▸ **ASSIGNED TASK**
Line for line, return the data exactly, omitting all pictures.

▸ **DATA**
==================================================
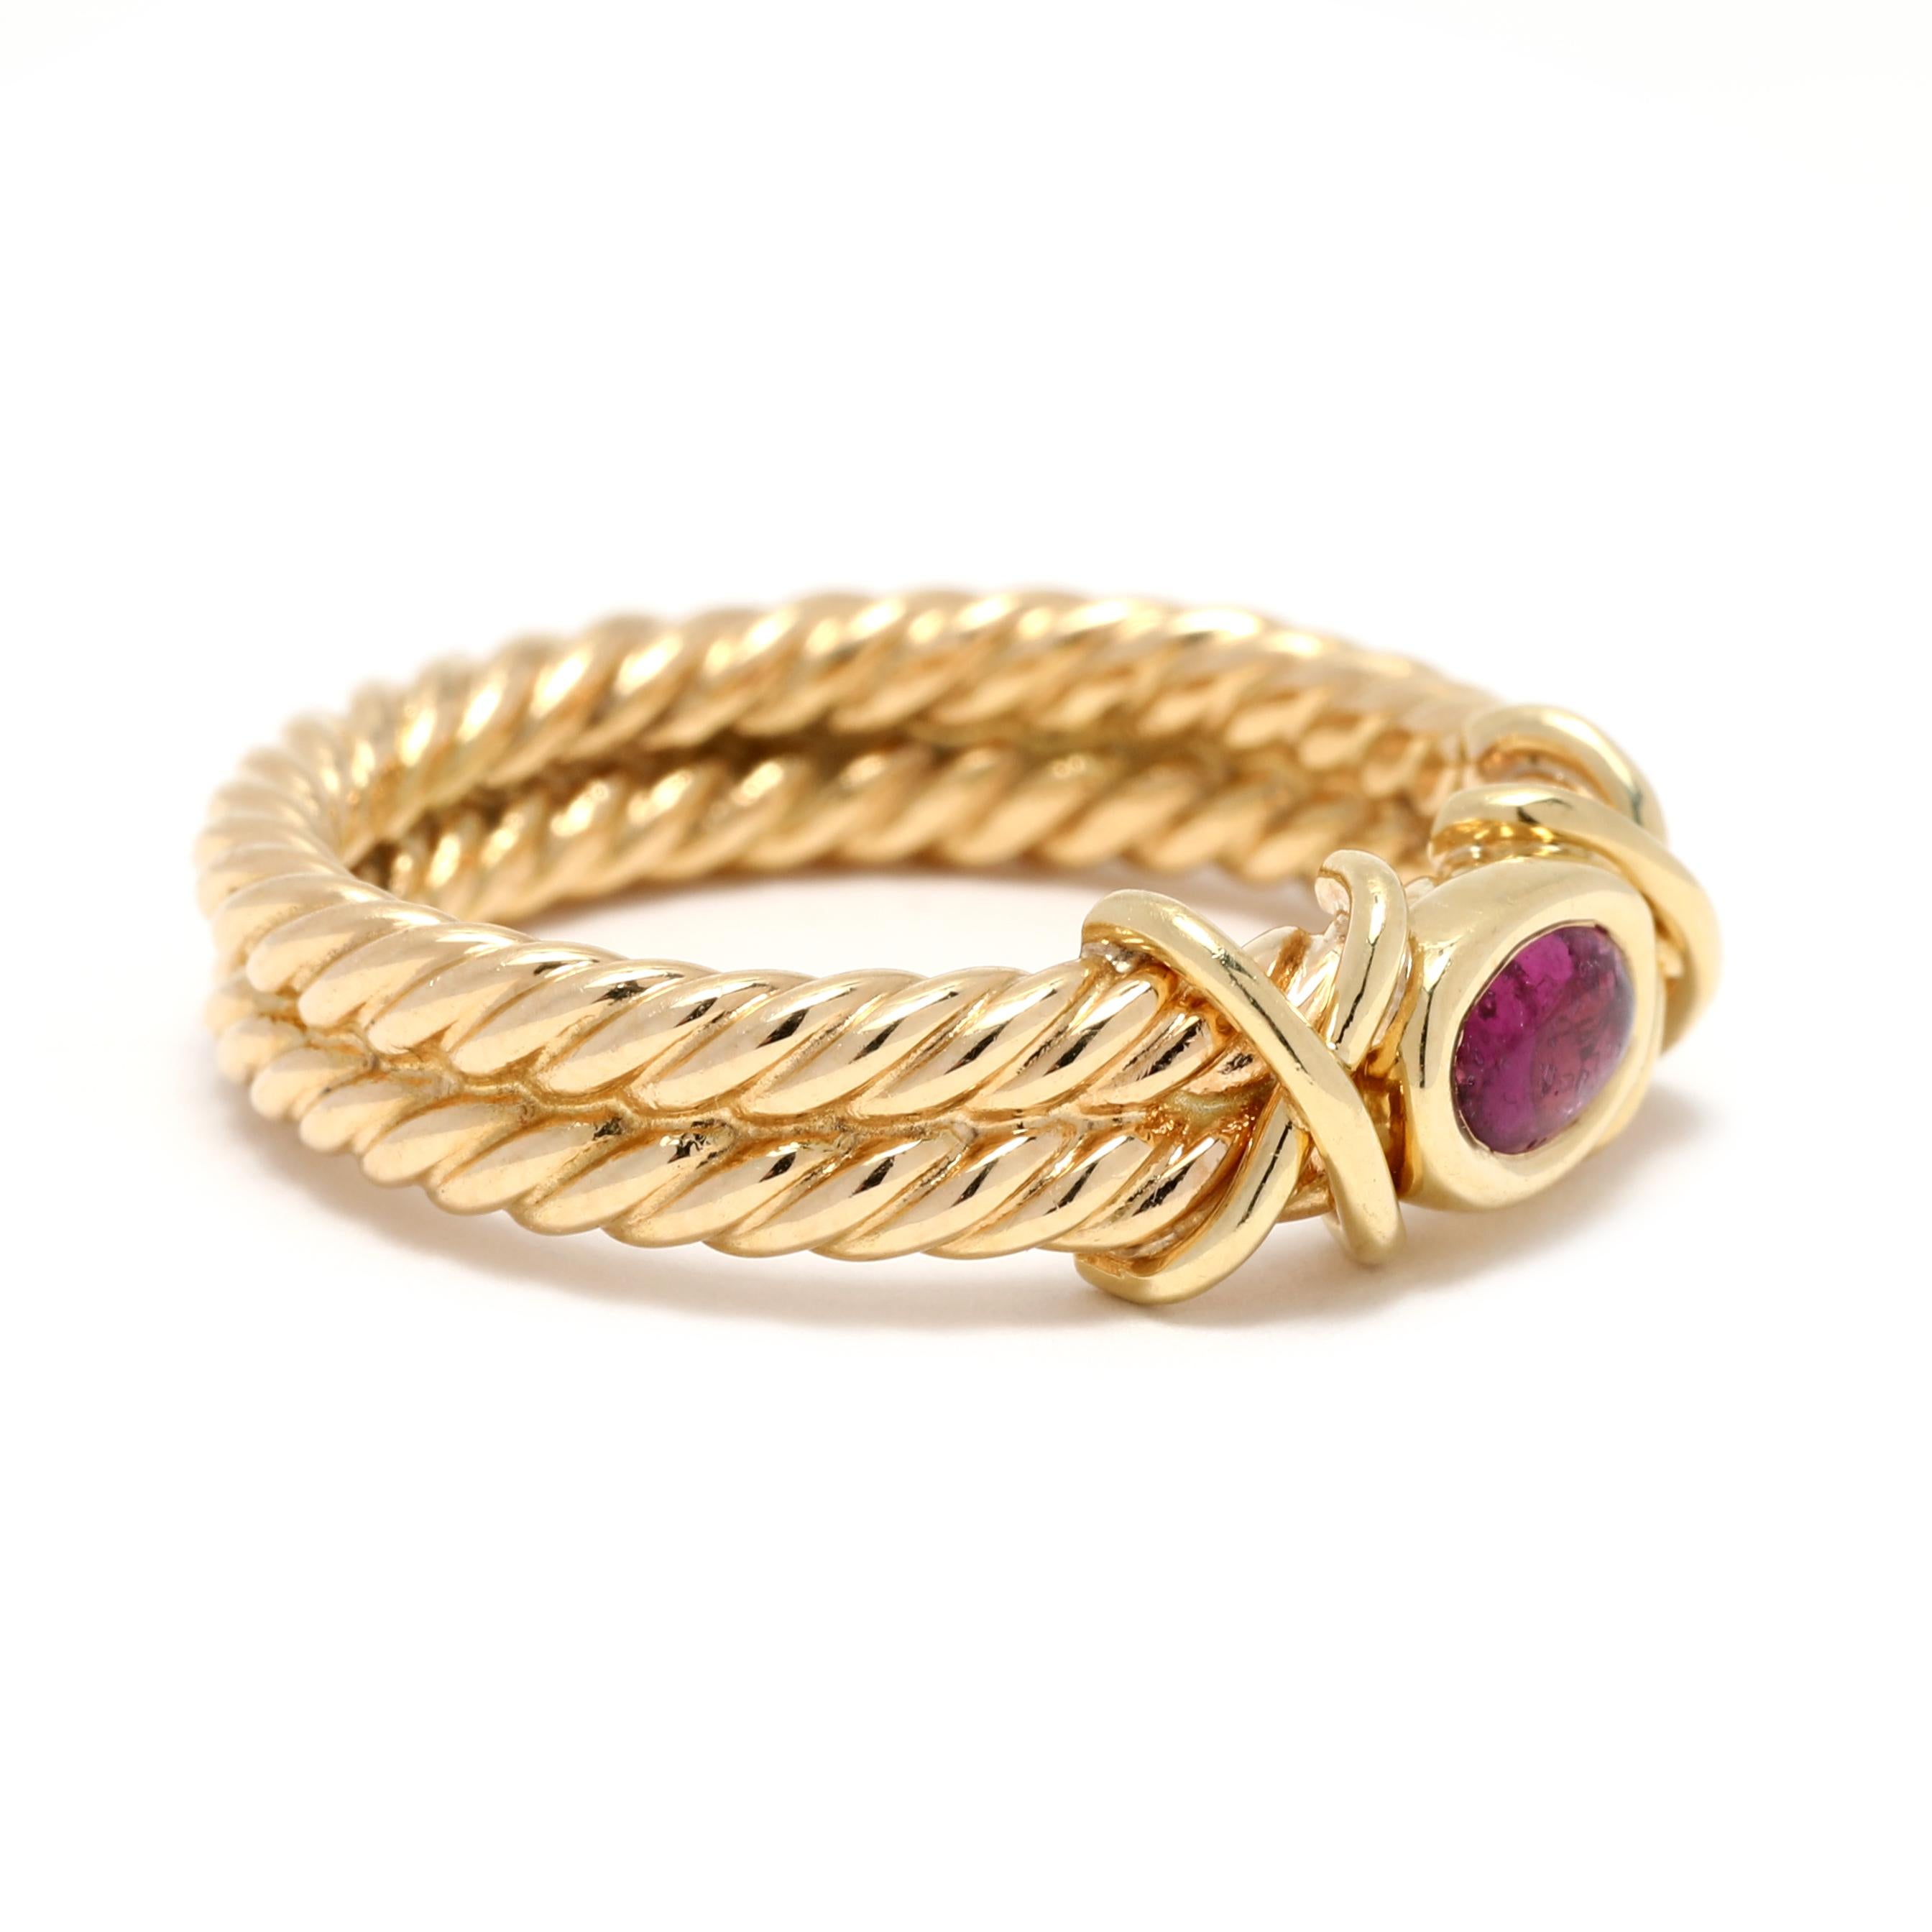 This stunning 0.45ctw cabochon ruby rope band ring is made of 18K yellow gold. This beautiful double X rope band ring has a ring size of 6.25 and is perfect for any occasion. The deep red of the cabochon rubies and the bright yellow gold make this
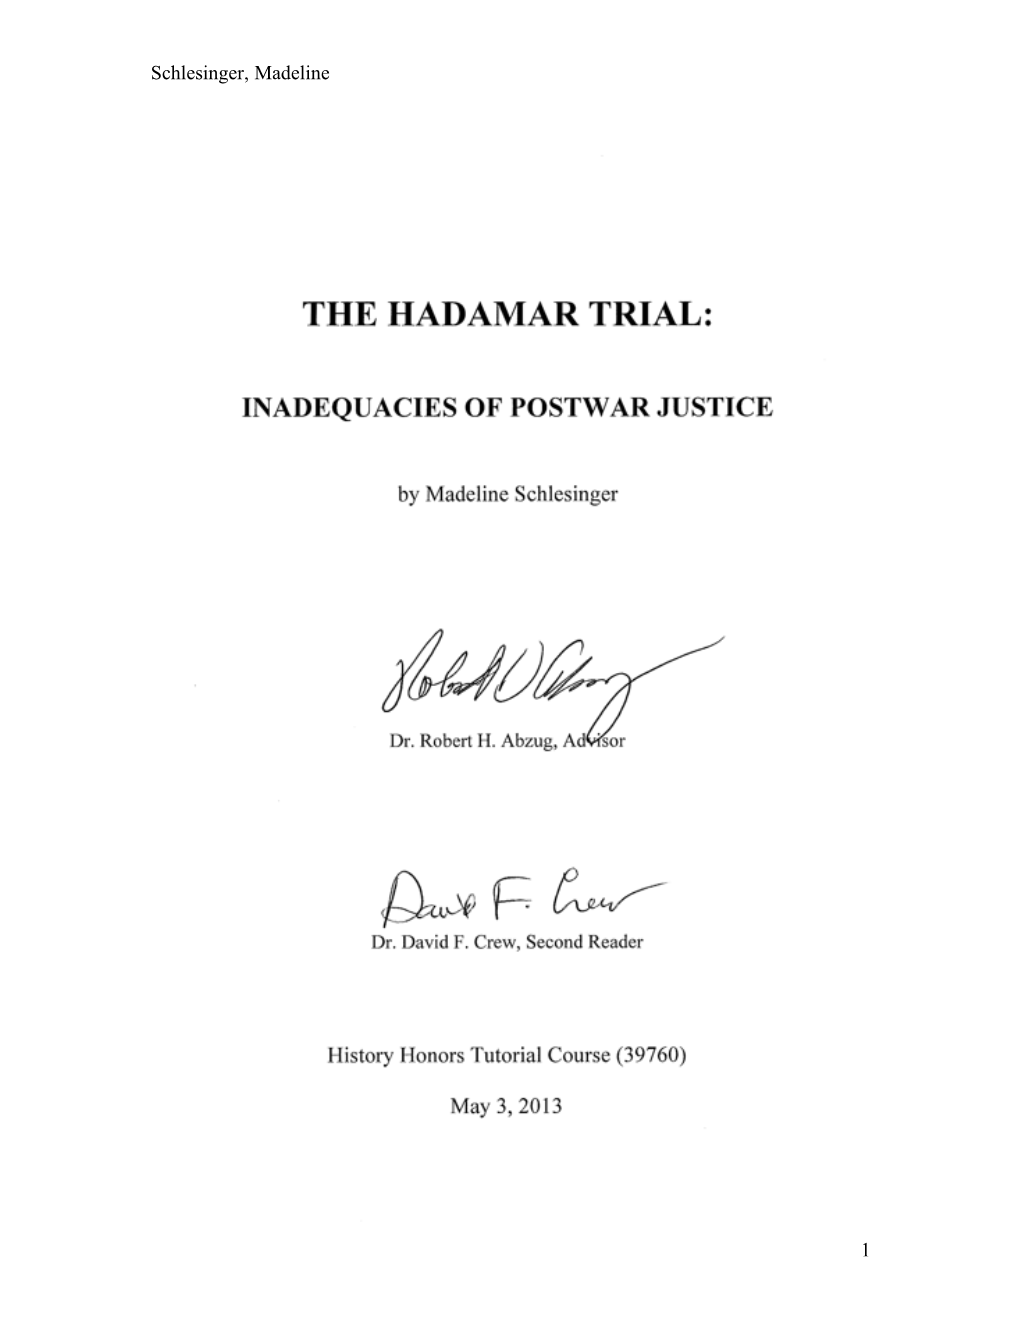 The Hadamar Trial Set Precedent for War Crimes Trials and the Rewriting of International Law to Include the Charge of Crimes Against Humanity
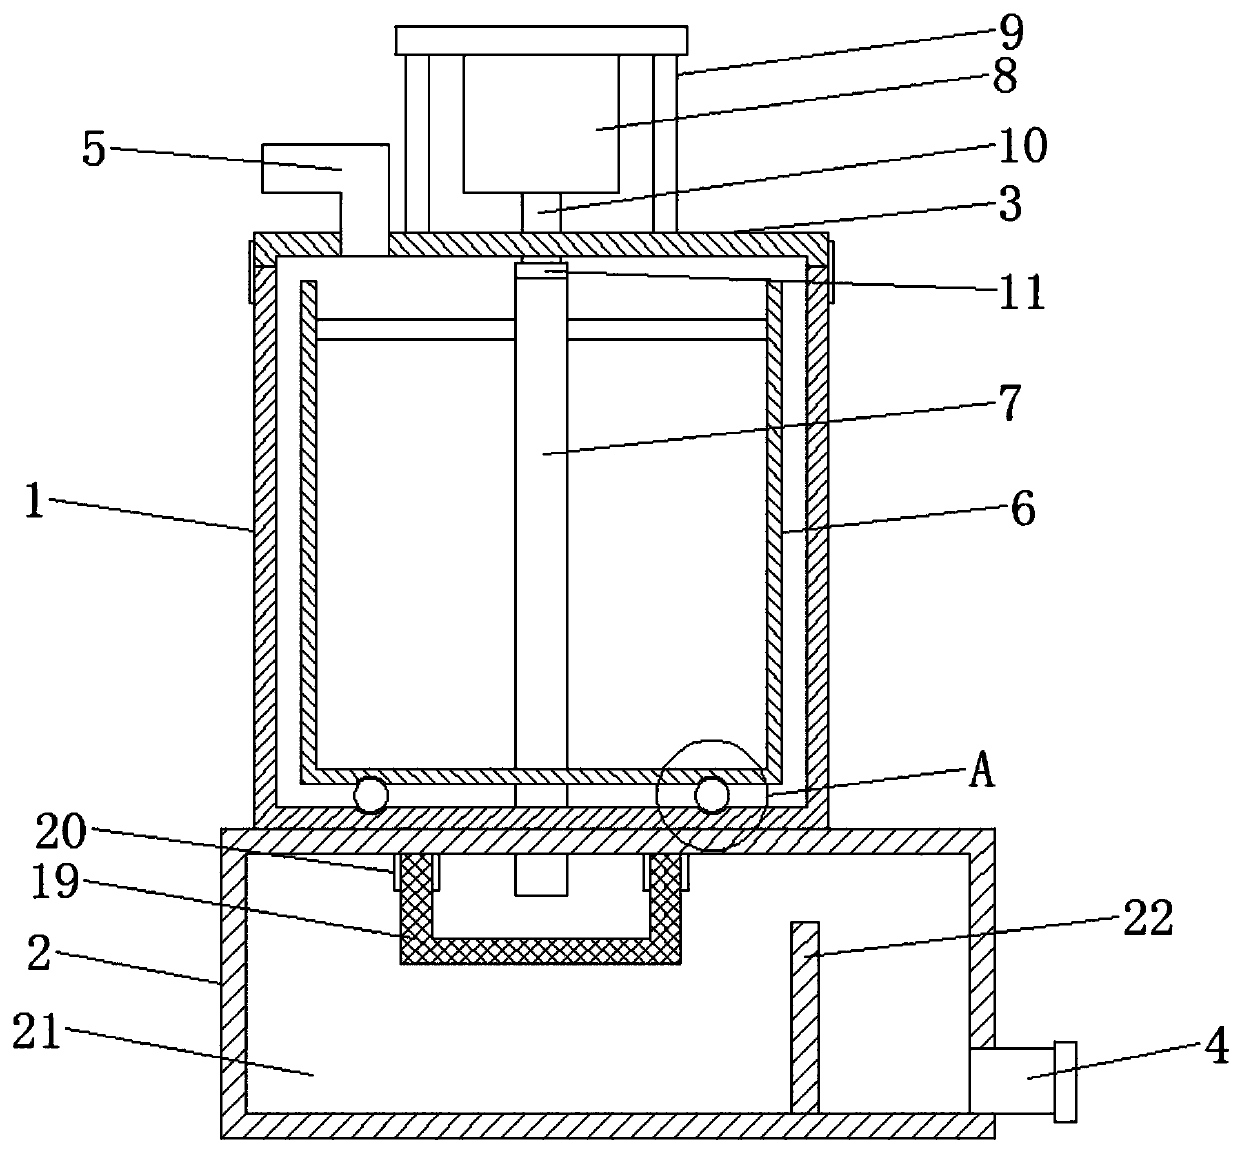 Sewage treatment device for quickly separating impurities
==================================================
▸ **WRITTEN SOLUTION**
 This stunning 0.45ctw cabochon ruby rope band ring is made of 18K yellow gold. This beautiful double X rope band ring has a ring size of 6.25 and is perfect for any occasion. The deep red of the cabochon rubies and the bright yellow gold make this
 The Hadamar Trial Set Precedent for War Crimes Trials and the Rewriting of International Law to Include the Charge of Crimes Against Humanity
 Sewage treatment device for quickly separating impurities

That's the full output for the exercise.